The dimension b in FIG. 3 is at the same time the total axial or longitudinal length of the active conductor parts of the horizontal deflection coils. The difference b - ä is the longitudinal dimension of the straight conductor parts which run along the cylindrical neck part 12a of the glass bulb. According to the invention, the length dimension b is at most 1.6 times d. The length dimension b will generally decrease as the beam path increases, with a certain increase in stored energy having to be accepted.

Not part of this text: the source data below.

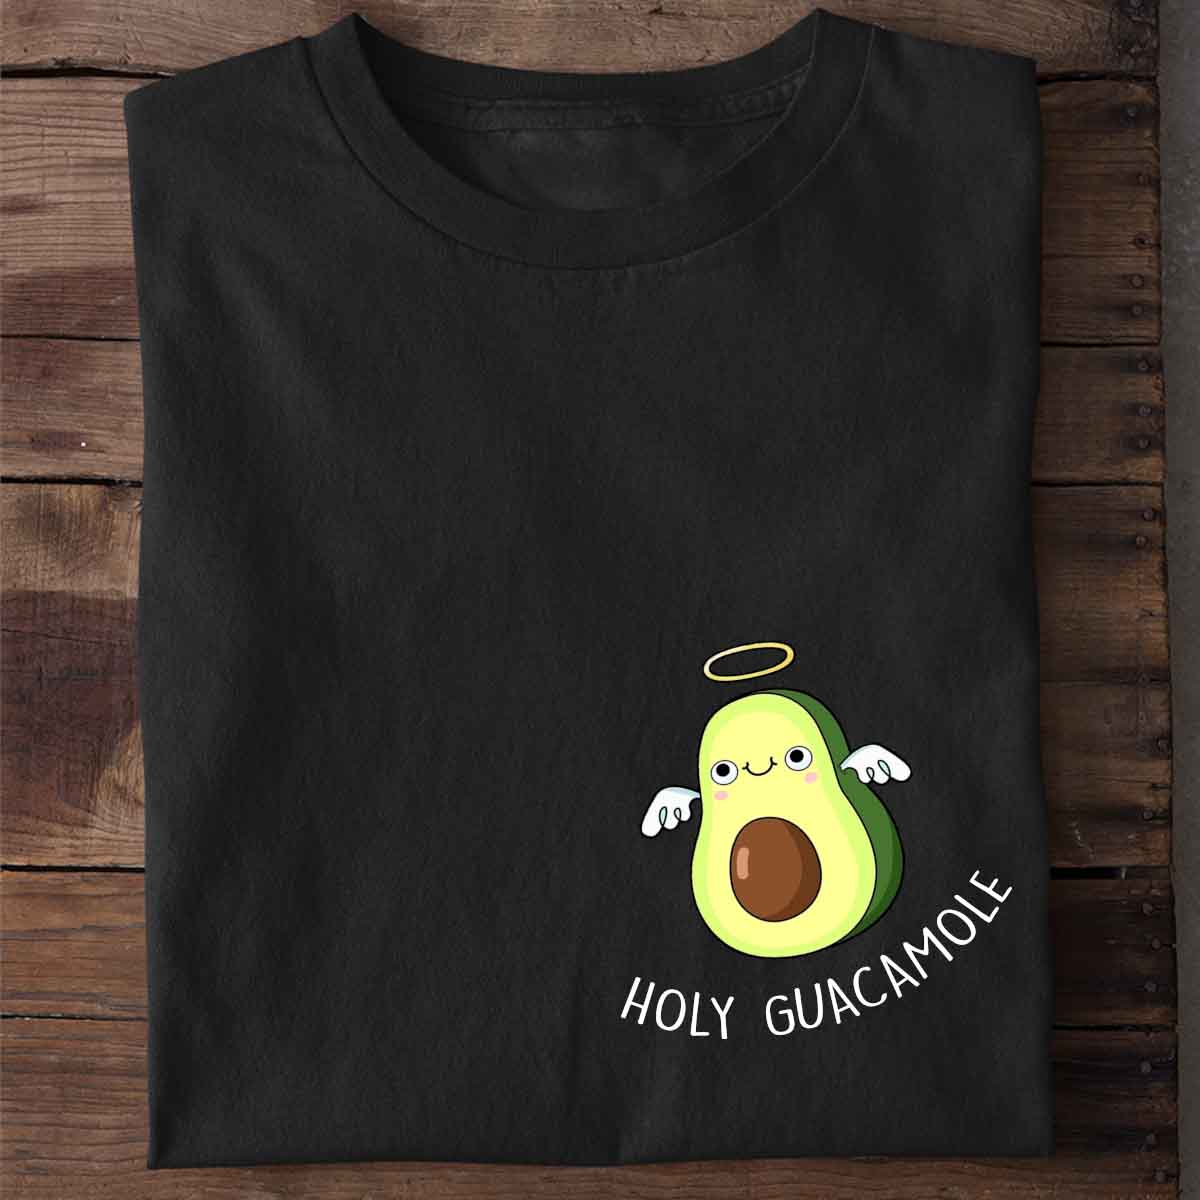 Holy Guacamole - Shirt Unisex
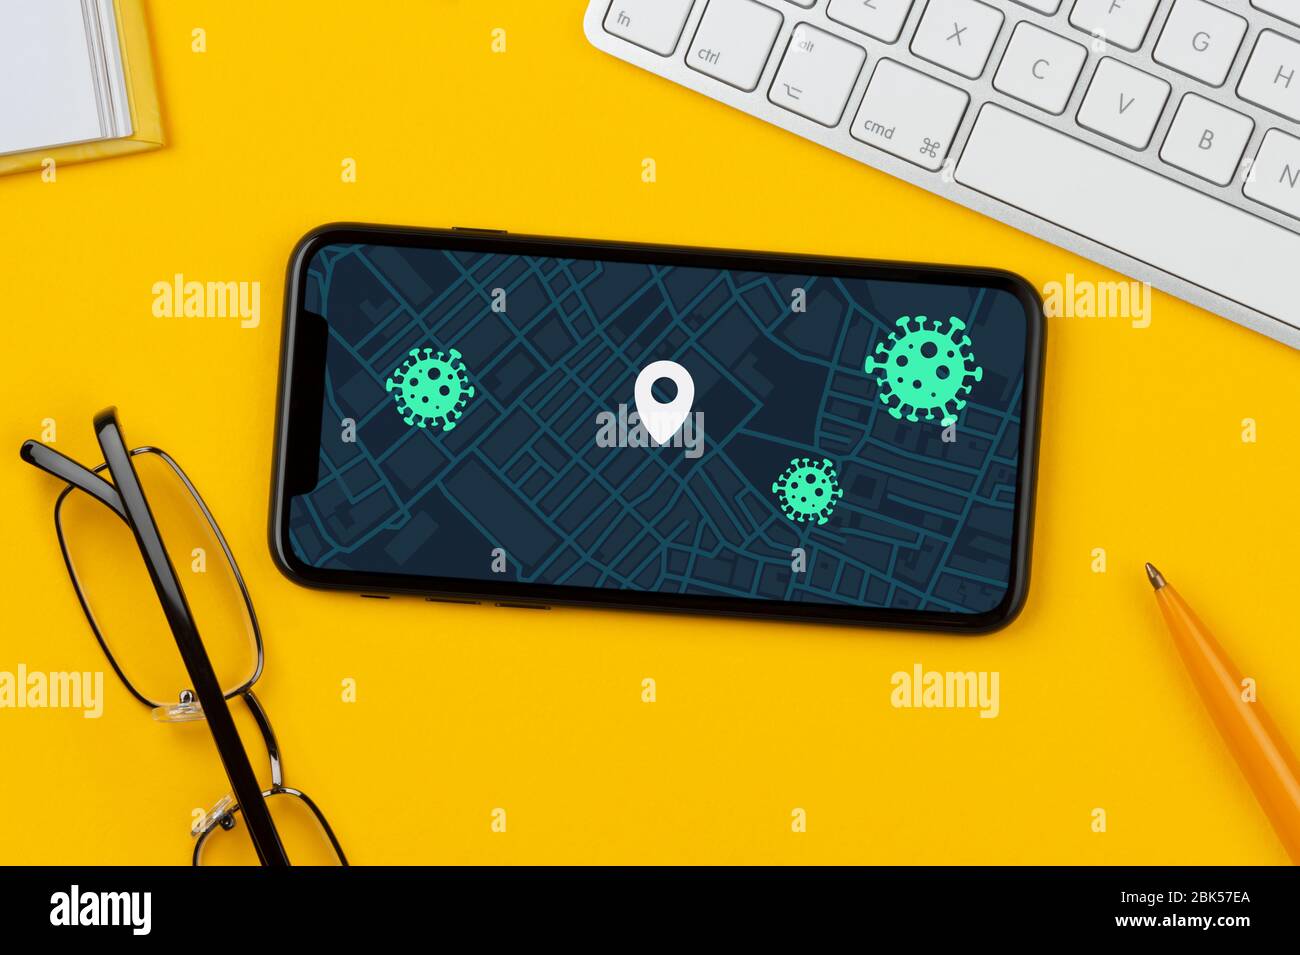 Ein Smartphone, das eine fiktive Covid-19-App zur Kontaktverfolgung zeigt, ruht auf einem gelben Hintergrund zusammen mit Tastatur, Brille, Stift und Buch. Stockfoto
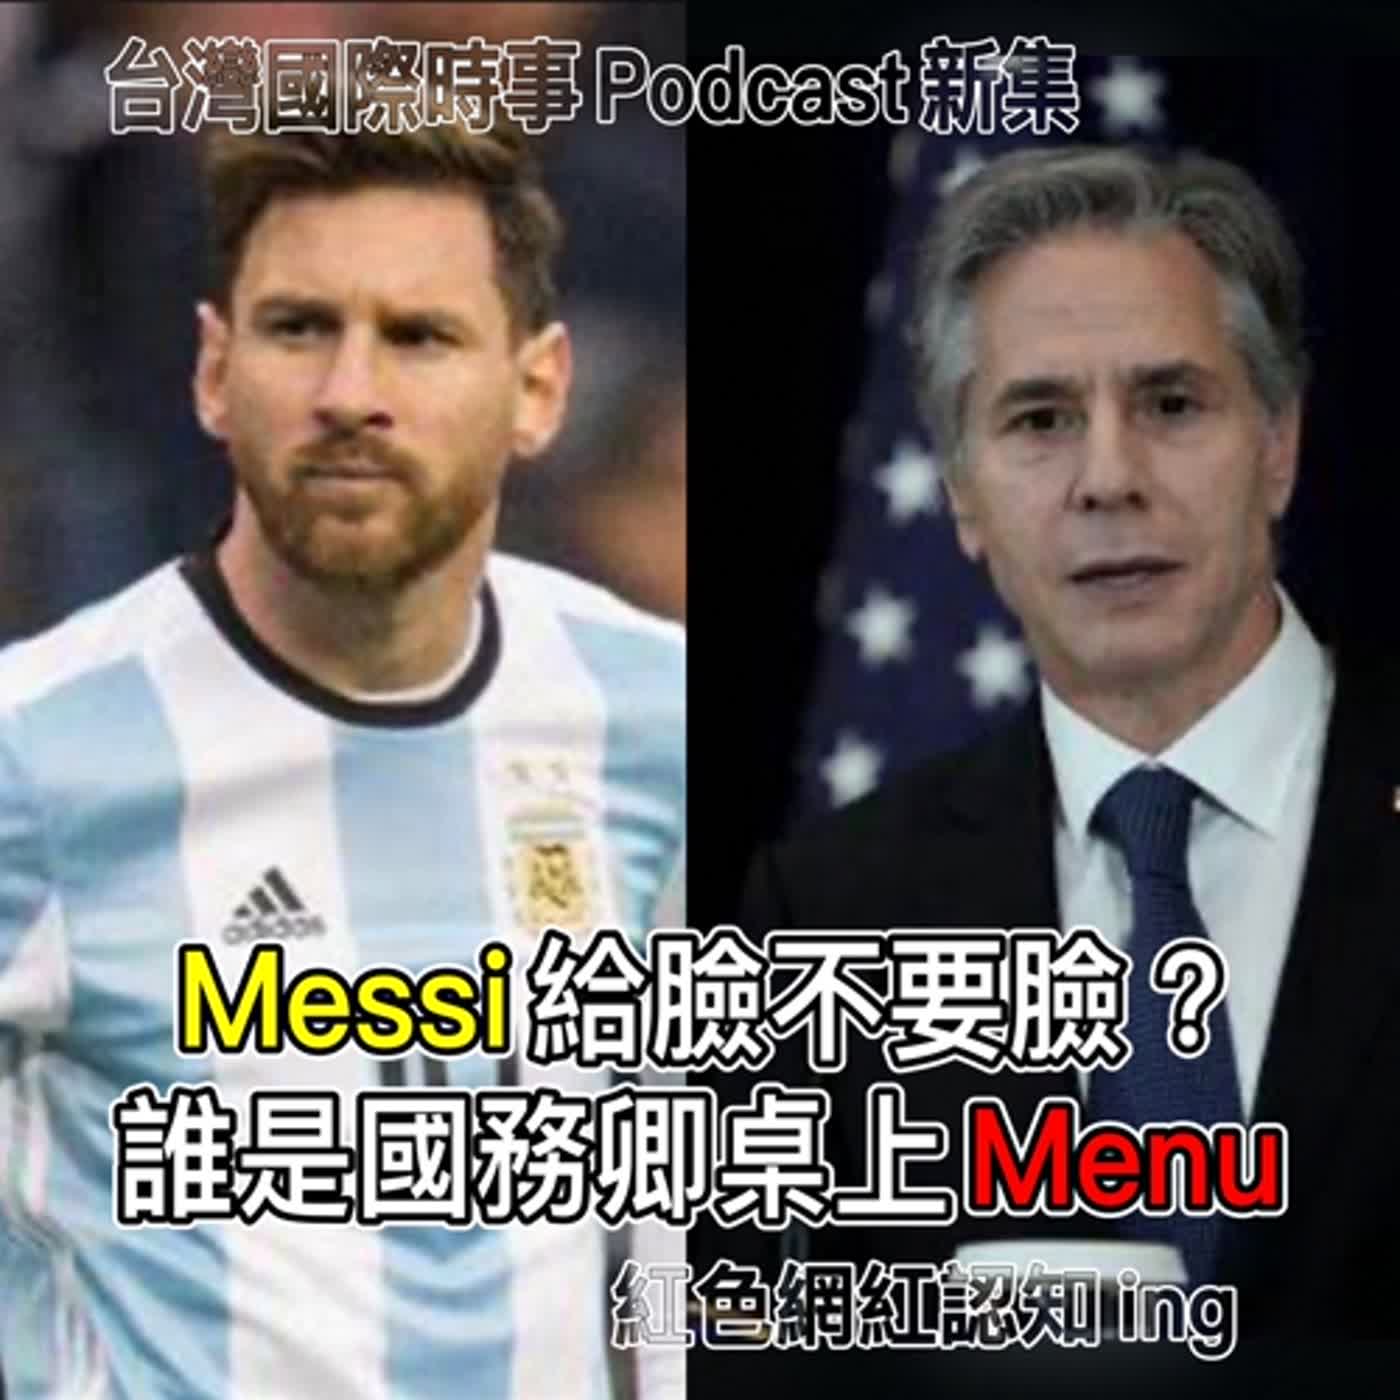 【台灣國際時事Podcast】Messi給臉不要臉？誰才是布林肯桌上的Menu；金門衝突升溫將引發台海危機？

The above describes a self-converging color television display device which includes a deflection unit with saddle coils and toroidal coils. The length (a) of the horizontal deflection coil conductors next to the expanding part of the picture tube is limited in order to reduce the stored energy. Furthermore, the length of the core (17) is limited and it is arranged in the longitudinal direction between the end windings of the saddle-shaped horizontal deflection coils (18) in a position which largely reduce both the convergence trilemma and the north-south cushion distortion.

For this! Sheet drawings

Claims (3)

Patent claims: 1. Self-converging television display device with a color television picture tube, which has a glass bulb (12) with a cylindrical neck part (\ 2a) of a predetermined nominal outer diameter at one end of the tube, furthermore an electron gun (15) enclosed by the neck part for generating three electron beams extending in a horizontal plane, and a has the widening bulb part (\ 2b ) adjoining the neck part (12a) with a closing front plate, on the inside of which there are colored fluorescent elements, and with a self-converging deflection unit (16), which generates a pillow-shaped horizontal deflection field and a barrel-shaped vertical deflection field and is arranged in operation at the neck part and the widening piston part of the color television picture tube, which also has two vertical deflection coils wound in a toroidal shape around a ferrite core (17) and two on the inner surface of the vertical deflection coils contains arranged, diametrically opposite saddle-shaped horizontal deflection coils, each containing two groups of active winding conductors, which run essentially in the longitudinal direction, are connected at their front and rear ends by groups of front and rear return conductors and form with these a coil window area with a certain longitudinal dimension , characterized in that the longitudinal dimension (a) of the active winding conductor next to the widening piston part is at most 1.2 times the nominal outer diameter (d) of the neck and that the core (17) is a Has longitudinal dimension (e) which is at most equal to the nominal outside diameter (d) of the neck and is located within the longitudinal dimension (b) of the window area, so that it is offset backwards with respect to the front return conductor group and forwards with respect to the rear return conductor group. 2. Device according to claim 1, characterized in that the total length (b) of the active conductor turns in the longitudinal direction is at most equal to 1.6 times the nominal outer diameter. 3. Device according to claim 1 or 2, characterized in that the plane (PV) of the maximum of the vertical deflection field is behind the plane (PH) of the maximum of the horizontal deflection field.